• DATA SEGMENT
◇ ◇ ◇ ◇

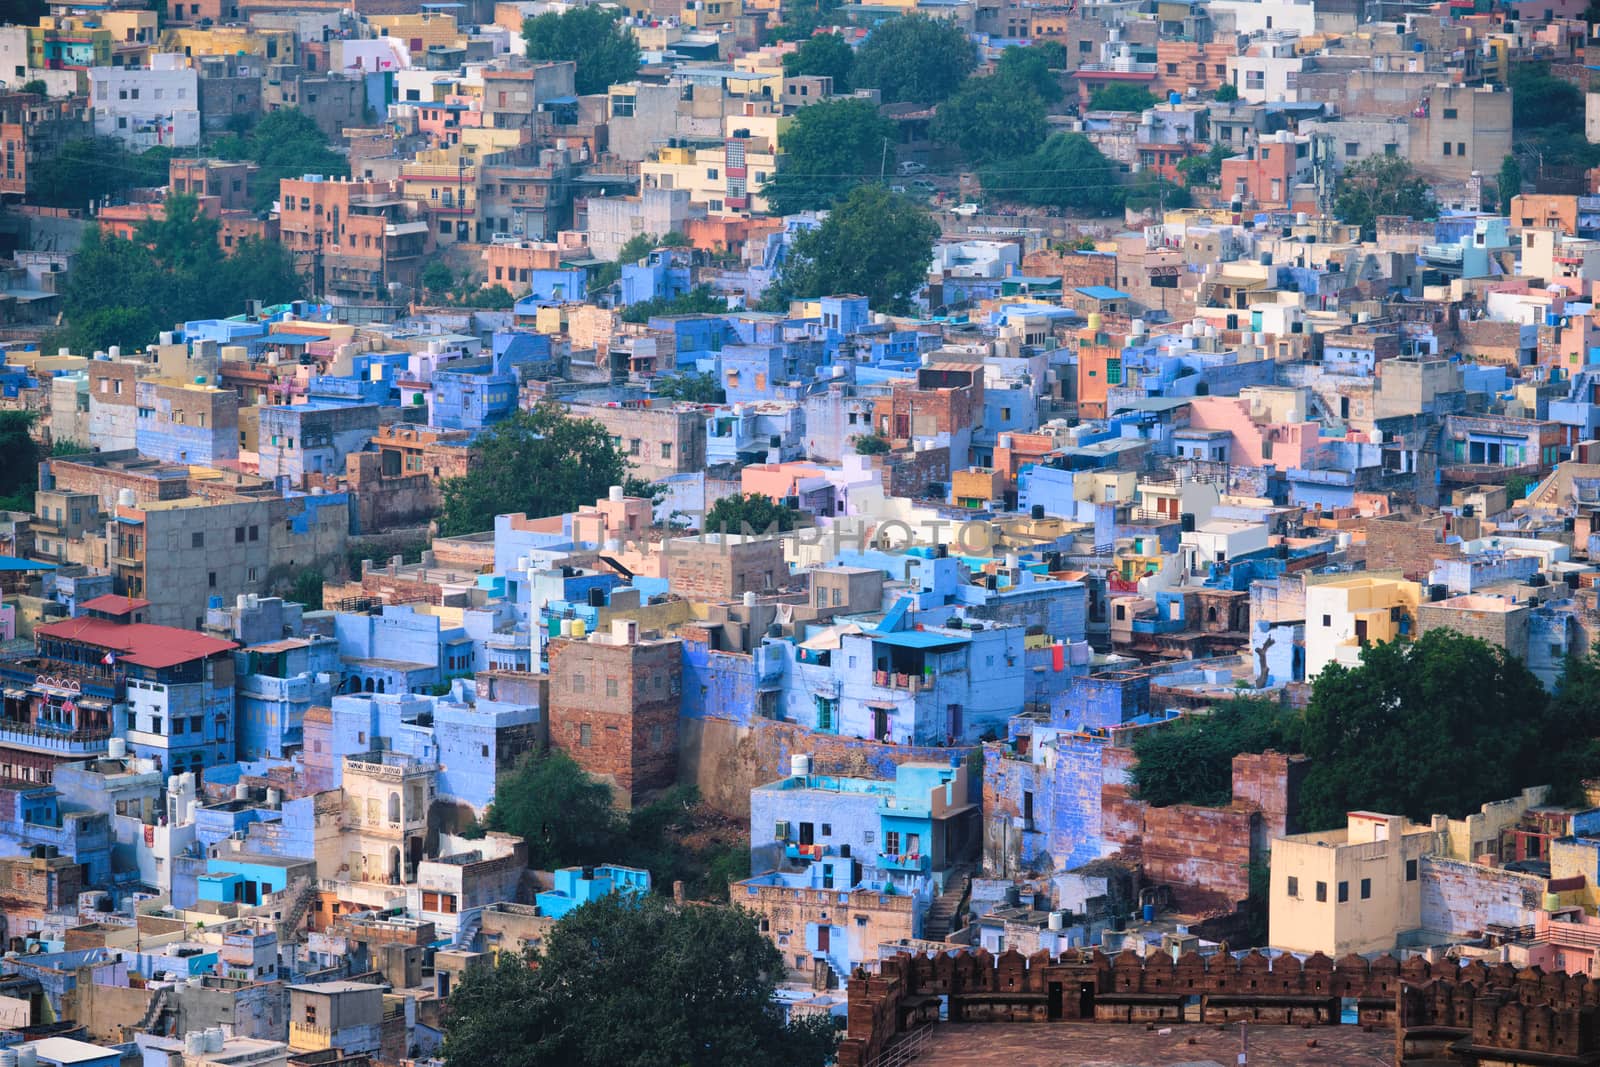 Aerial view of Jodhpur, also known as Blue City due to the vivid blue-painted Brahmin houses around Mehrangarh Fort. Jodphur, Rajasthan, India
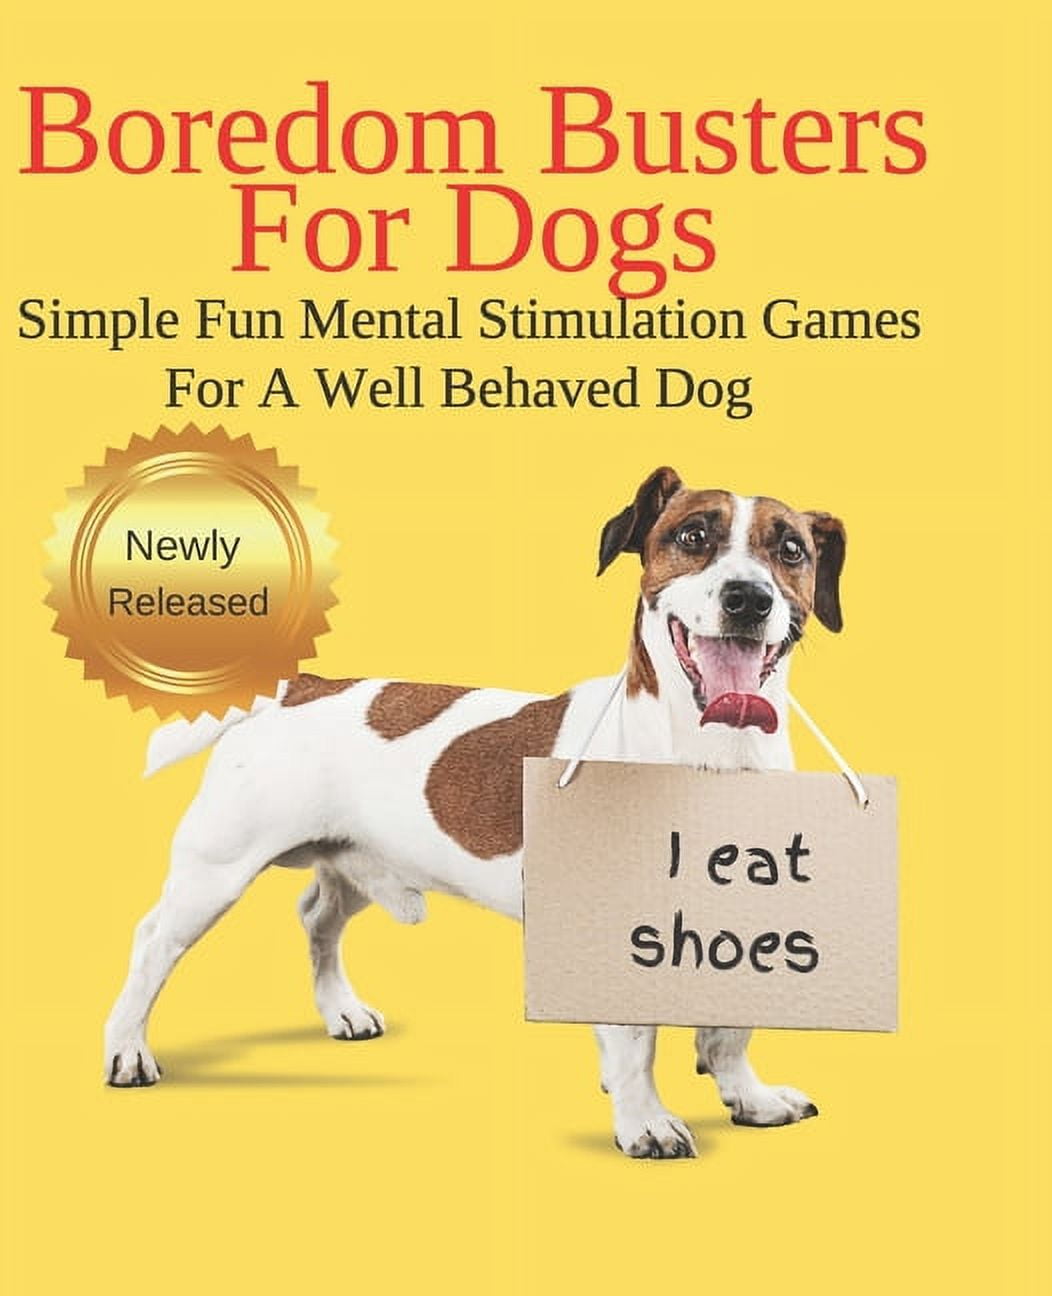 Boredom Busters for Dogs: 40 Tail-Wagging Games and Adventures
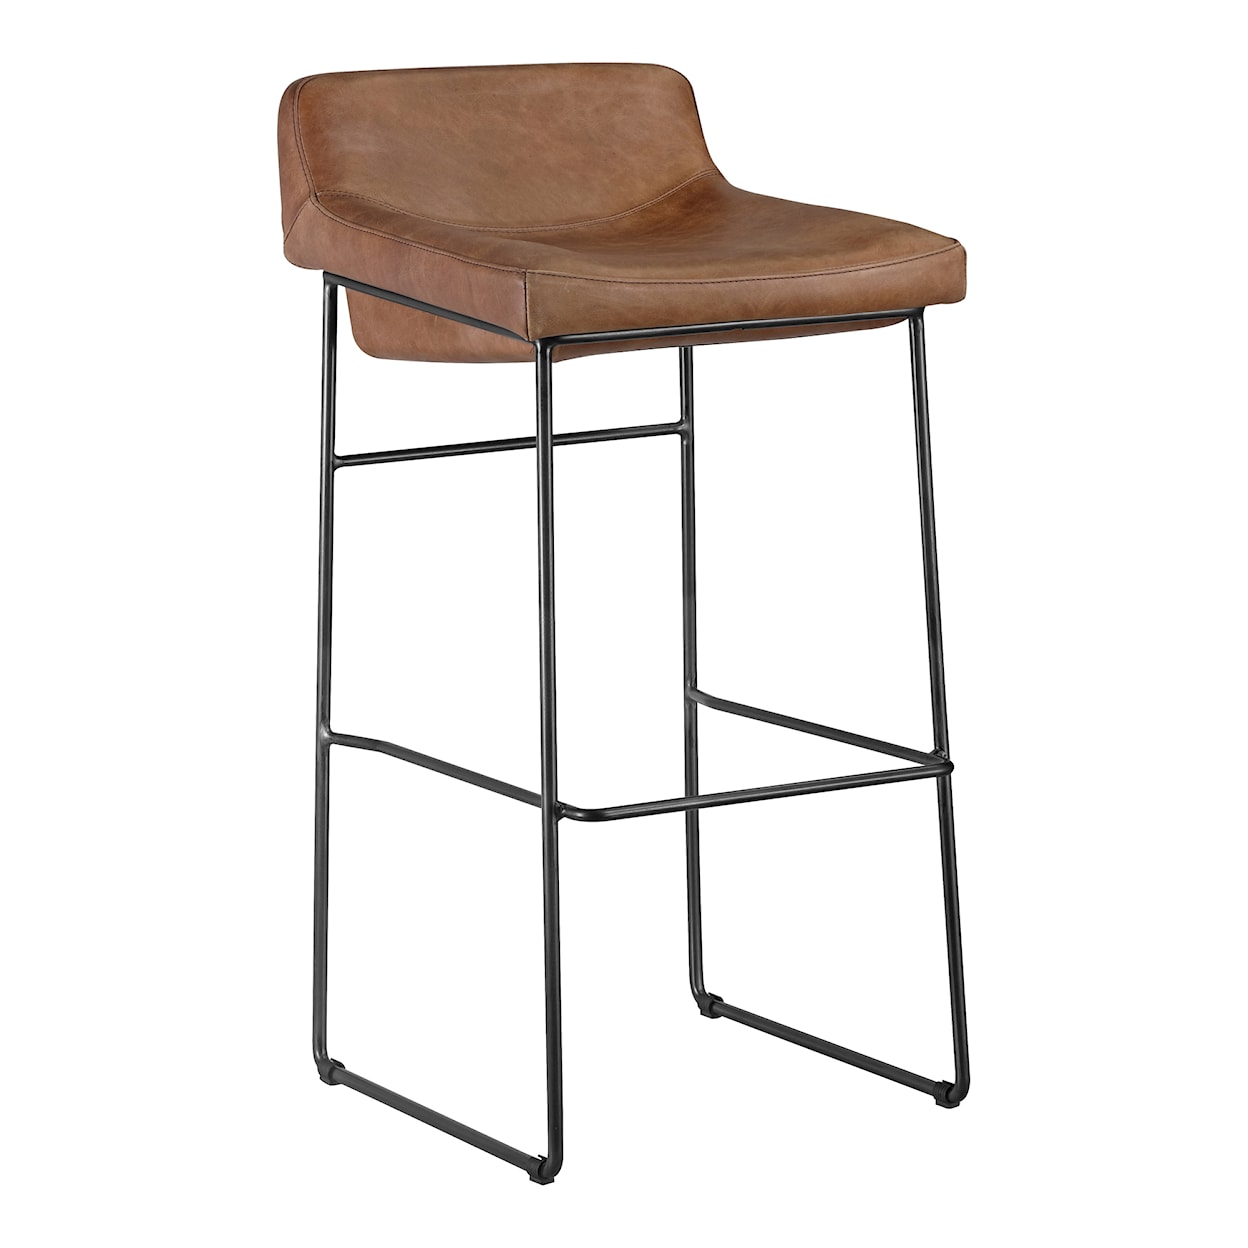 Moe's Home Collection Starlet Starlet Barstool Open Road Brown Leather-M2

◇ ◇ ◇ ◇

• EXERCISE OBJECTIVE
From the data above, write out everything exactly except the pictures.

• OUTPUT
 Aerial view of Jodhpur, also known as Blue City due to the vivid blue-painted Brahmin houses around Mehrangarh Fort. Jodphur, Rajasthan, India
 Boredom Busters for Dogs: 40 Tail-Wagging Games and Adventures
 Moe's Home Collection Starlet Starlet Barstool Open Road Brown Leather-M2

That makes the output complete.